Beyond global bilayer mechanics, specific lipid–protein interactions also modulate mechanosensitivity. Zhong and Blount [160] demonstrated that the anionic lipid phosphatidylinositol (PI) is essential for gating of the MscL homolog from Mycobacterium tuberculosis (Mt-MscL) in artificial bilayers. When Mt-MscL was incorporated into membranes mimicking the inner membrane of E. coli, which lacks PI, no channel activity was observed, highlighting a lipid-specific requirement for channel function. Consistent with this, ion-mobility mass spectrometry revealed that membrane proteins exhibit selective lipid binding, and Mt-MscL displays strong preferential stabilization by PI over other anionic lipids such as phosphatidylglycerol (PG) and cardiolipin (CL) [161].

Computational studies have provided mechanistic insight into these phenomena. Early atomistic simulations revealed that asymmetric lipid composition induces a domed bilayer architecture and promotes persistent interactions between lipid headgroups and specific protein regions, consistent with hydrophobic matching principles [162]. More recent advances introduced the locally distributed tension molecular dynamics (LDT-MD) approach, which applies a localized tension-mimicking bias to annular lipids rather than directly to the protein. This method exploits strong lipid–protein coupling to induce rapid and reversible MscL opening without disrupting membrane integrity, allowing quantitative characterization of structural transitions and the free-energy landscape underlying tension-dependent gating [163]. Vanegas and Arroyo [155] demonstrated that membrane tension generates spatially patterned forces at the protein–lipid interface, mediated by long-lived interactions between positively charged residues and anionic lipids. These findings collectively establish that MscL mechanosensitivity arises from an intricate interplay between bilayer physical properties, localized lipid–protein interactions, and tension-dependent force transmission pathways within the membrane environment.
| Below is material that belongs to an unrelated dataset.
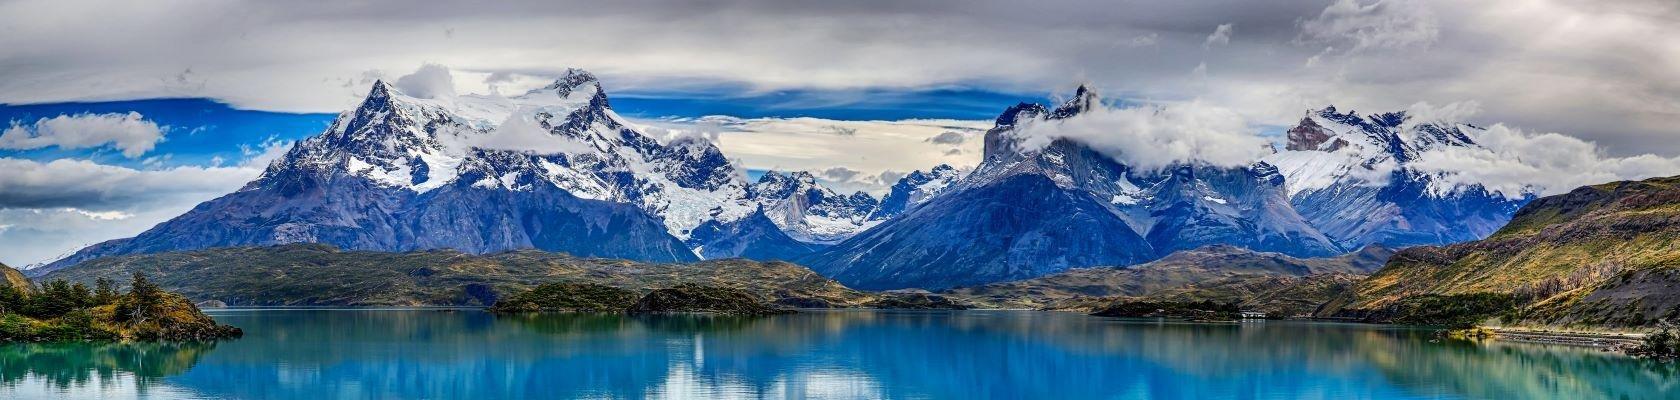 Vaargebied Zuid Amerika & Antartica

MscS, in contrast, exhibits both indirect mechanosensitivity, responding to membrane tension and direct lipid regulation at defined binding pockets identified through cryo-EM and simulations [164]. Functional studies comparing gating kinetics in azolectin and pure lipid systems revealed that cardiolipin modulates MscS gating in a dose-dependent manner. In azolectin liposomes, addition of 10% cardiolipin abolishes hysteresis of MscS but leaves MscL largely unaffected, suggesting cardiolipin stabilizes the closed state of MscS. In 1,2-dioleoyl-sn-glycero-3-phosphoethanolamine (DOPE)/1,2-dioleoyl-sn-glycero-3-phosphocholine (DOPC) mixtures, hysteresis is abolished even without cardiolipin, while cardiolipin addition increases opening and closing thresholds for both channels. Notably, MscS gates more frequently in the presence of cardiolipin, destabilizing the open state and potentially influencing bacterial osmotic response [165]. Cryo-EM structures of nanodisc-reconstituted MscS further revealed membrane-interacting regions at the N-terminal end and structurally bound lipids that likely play roles in mechanotransduction, gating, and permeation [164].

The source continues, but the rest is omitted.